*** Record set ***

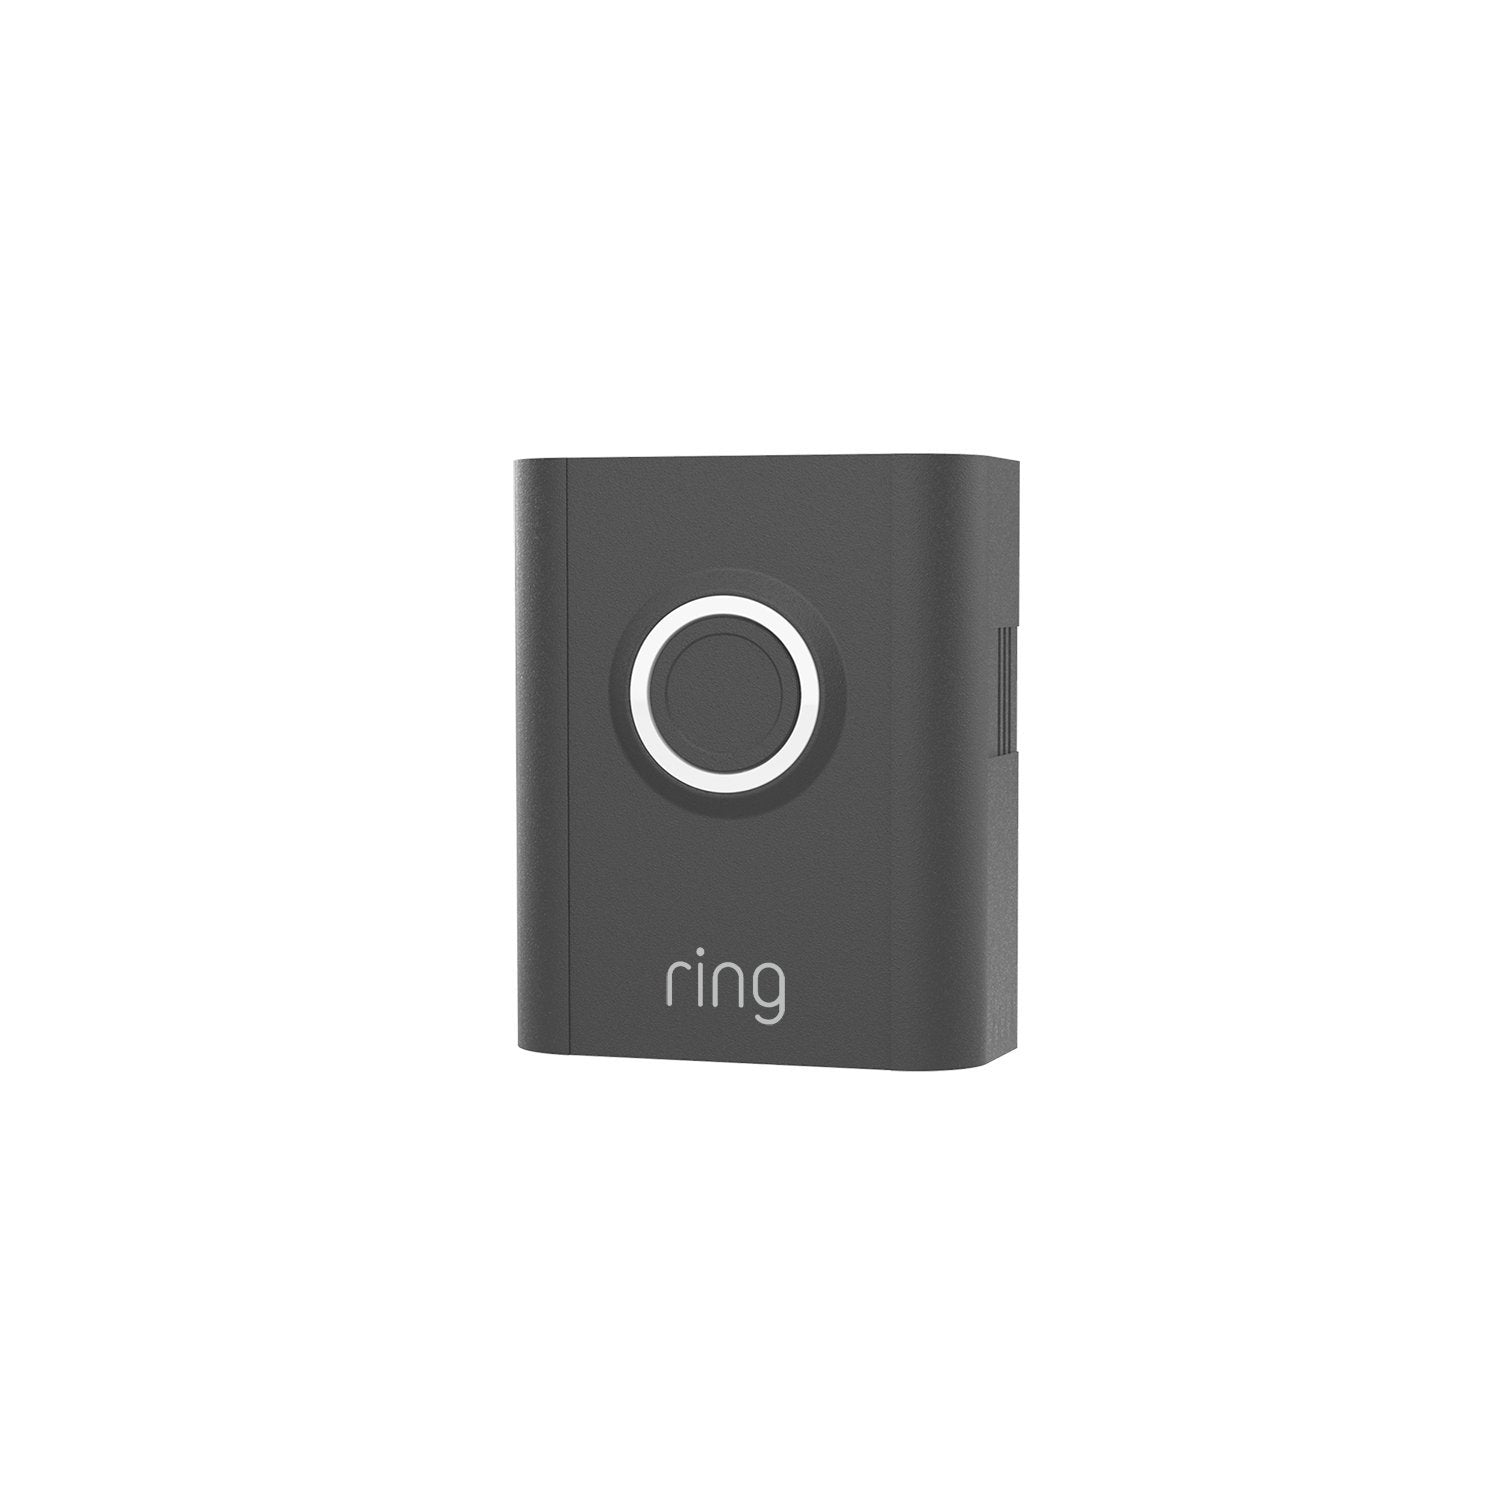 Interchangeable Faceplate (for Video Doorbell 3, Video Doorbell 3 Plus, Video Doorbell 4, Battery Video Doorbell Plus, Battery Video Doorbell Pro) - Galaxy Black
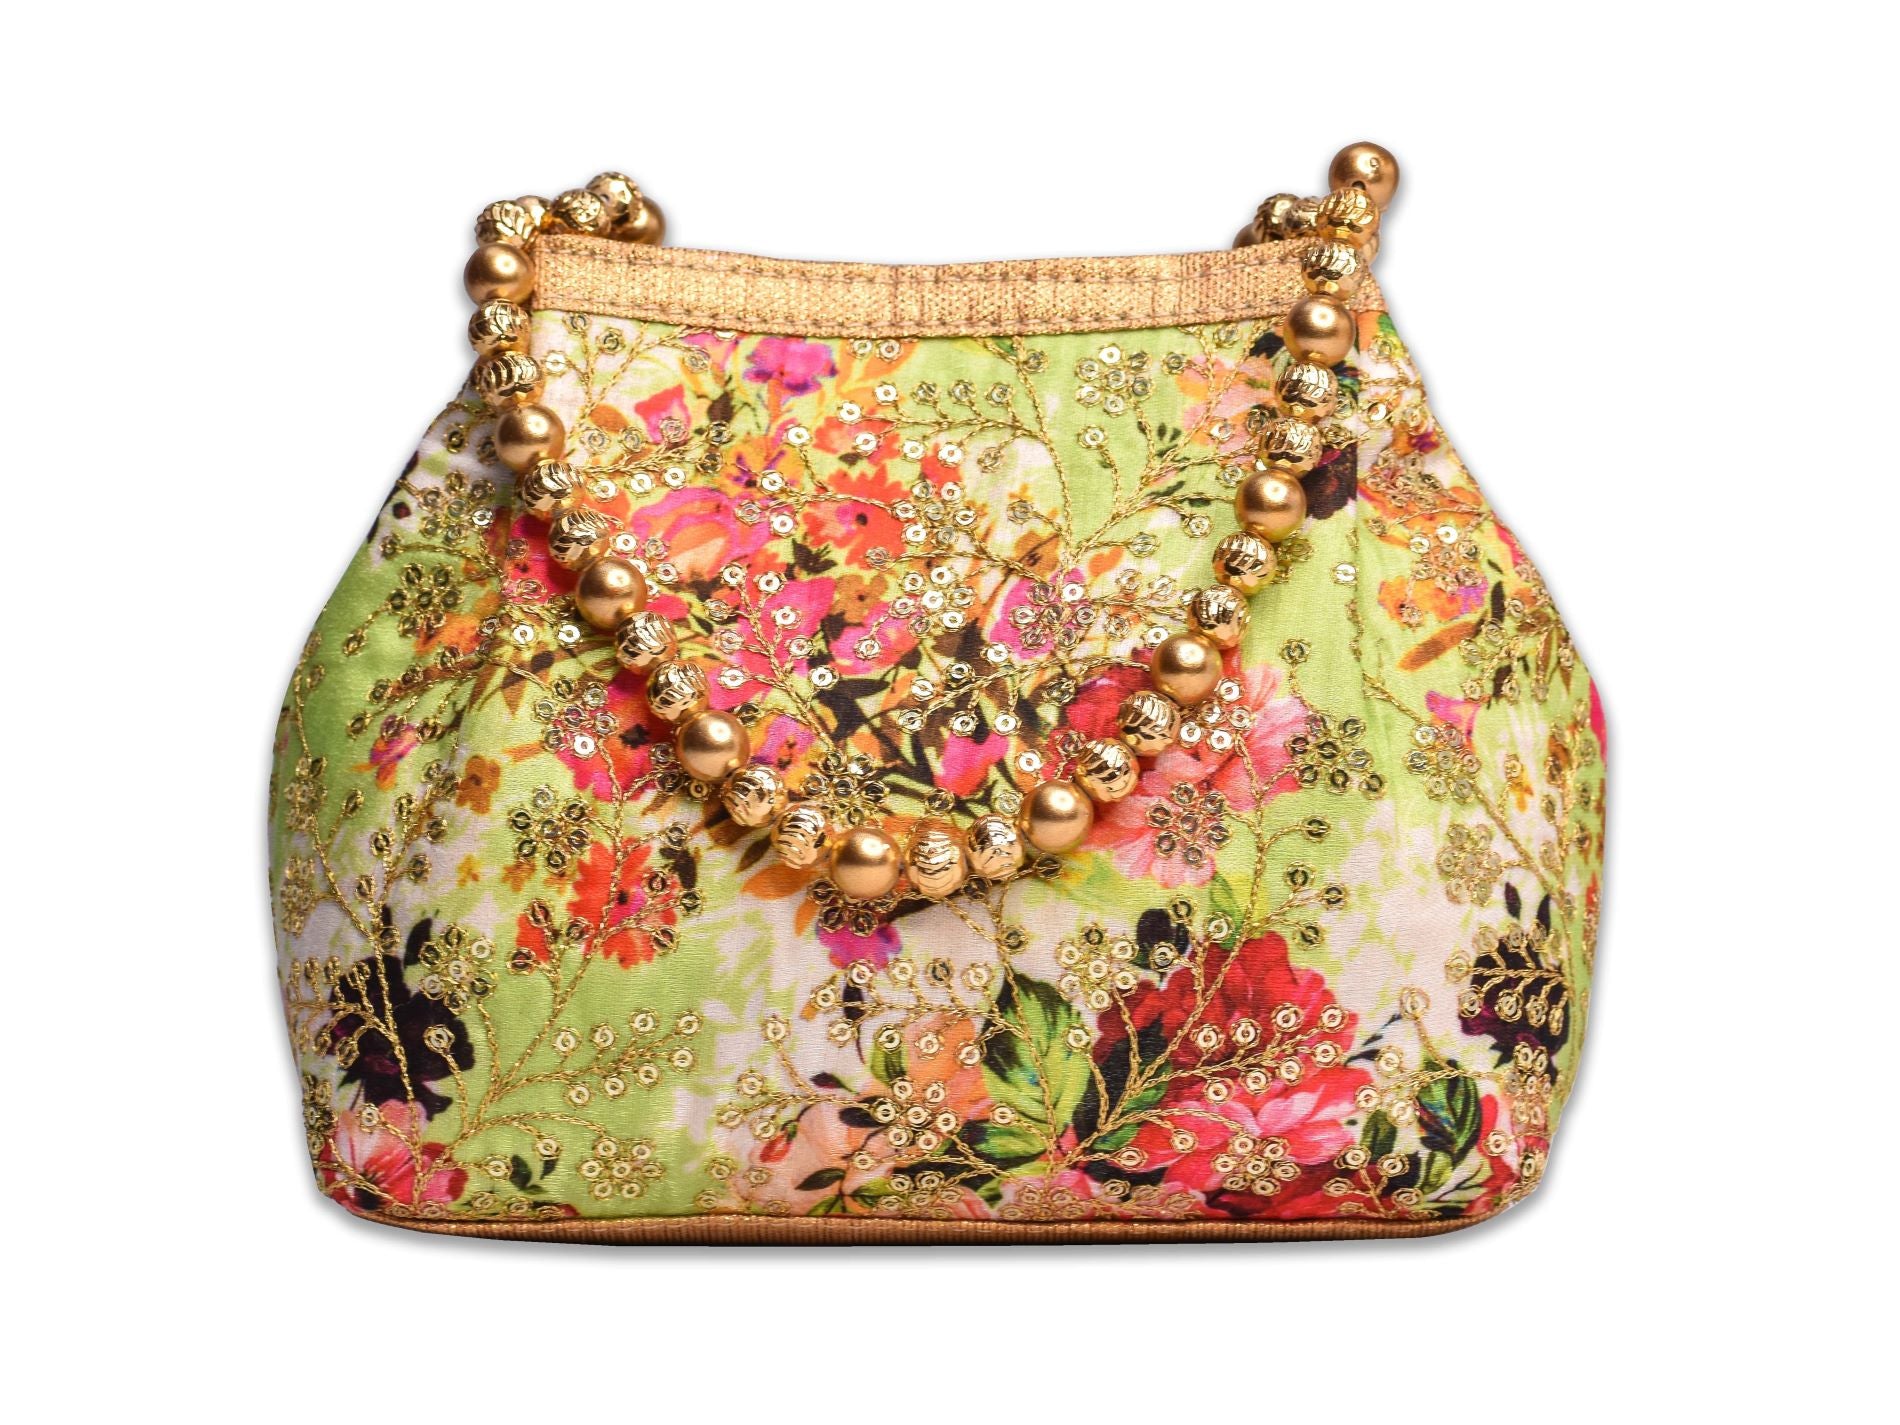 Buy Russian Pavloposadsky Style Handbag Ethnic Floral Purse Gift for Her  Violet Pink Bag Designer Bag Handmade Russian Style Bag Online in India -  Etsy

*** End of Record set ***
*** Record set ***

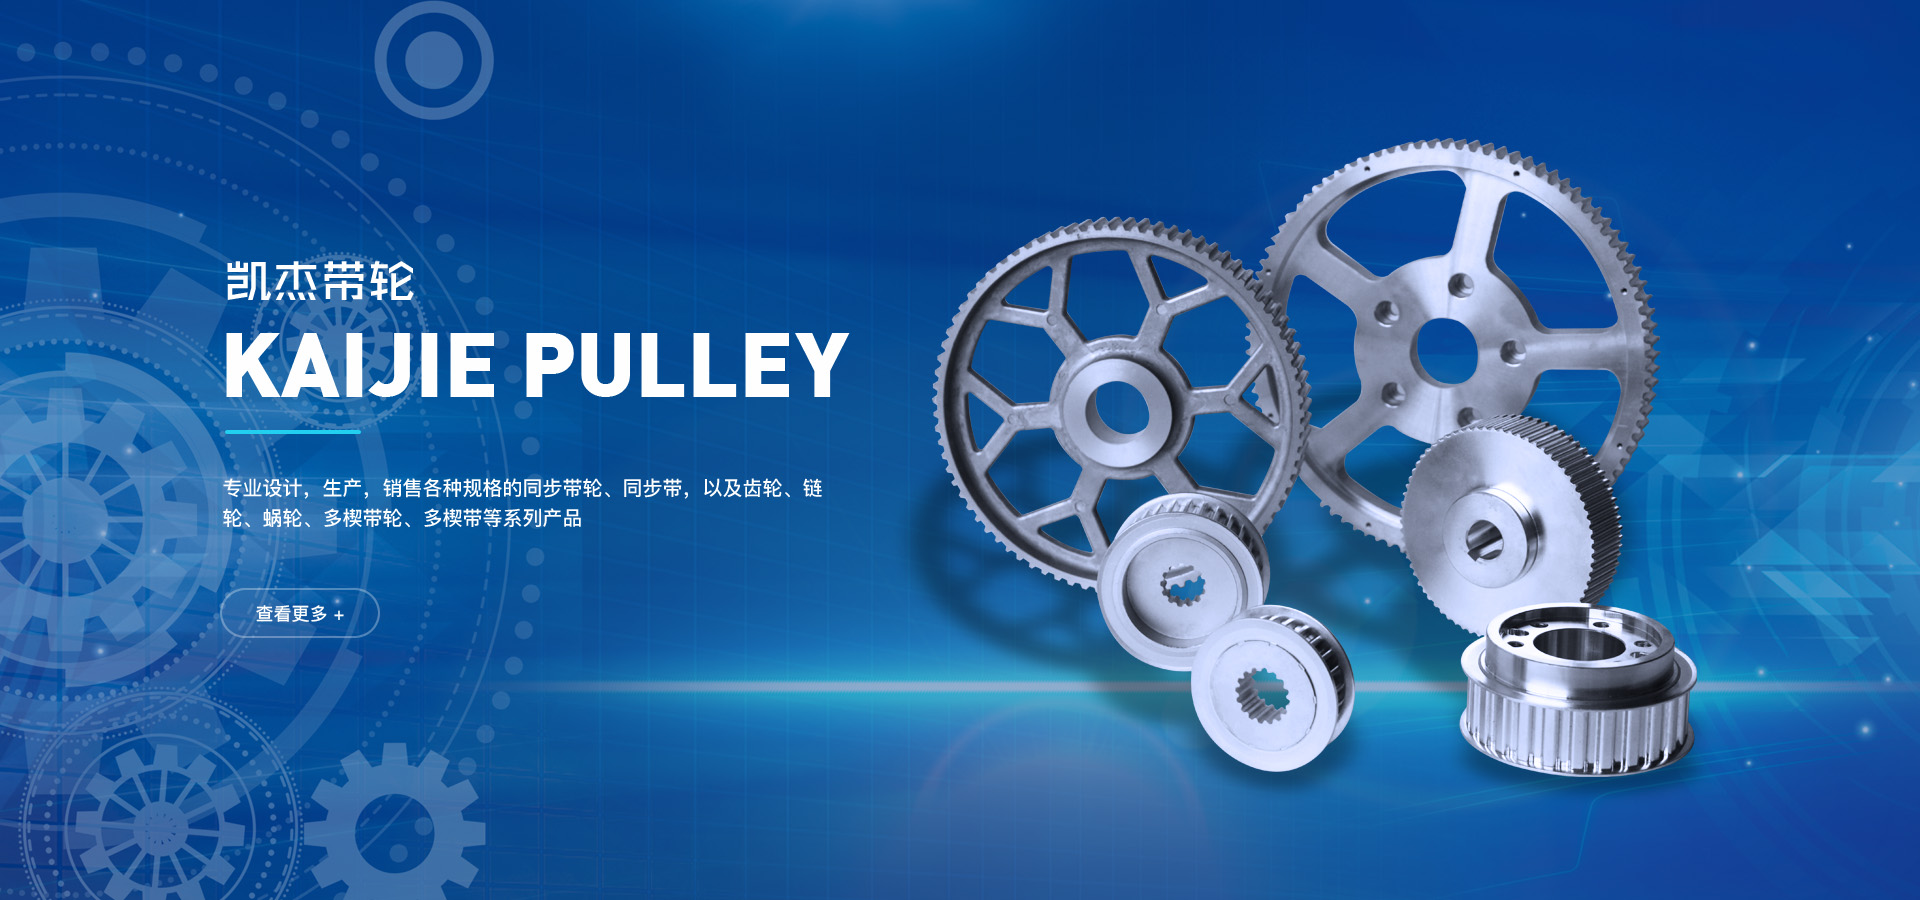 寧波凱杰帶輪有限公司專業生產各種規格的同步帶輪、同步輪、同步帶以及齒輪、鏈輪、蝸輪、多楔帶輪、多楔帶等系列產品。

*** End of Record set ***
*** Record set ***

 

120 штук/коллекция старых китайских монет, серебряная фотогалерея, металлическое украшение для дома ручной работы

*** End of Record set ***

Exercise brief:
In the listing above, find the line containing "Interchangeable Faceplate (for". Output it and every line after it up to and including the line containing "Buy Russian Pavloposadsky", exactly, but skip the pictures.

Exercise output:
 Interchangeable Faceplate (for Video Doorbell 3, Video Doorbell 3 Plus, Video Doorbell 4, Battery Video Doorbell Plus, Battery Video Doorbell Pro) - Galaxy Black
 Buy Russian Pavloposadsky Style Handbag Ethnic Floral Purse Gift for Her  Violet Pink Bag Designer Bag Handmade Russian Style Bag Online in India -  Etsy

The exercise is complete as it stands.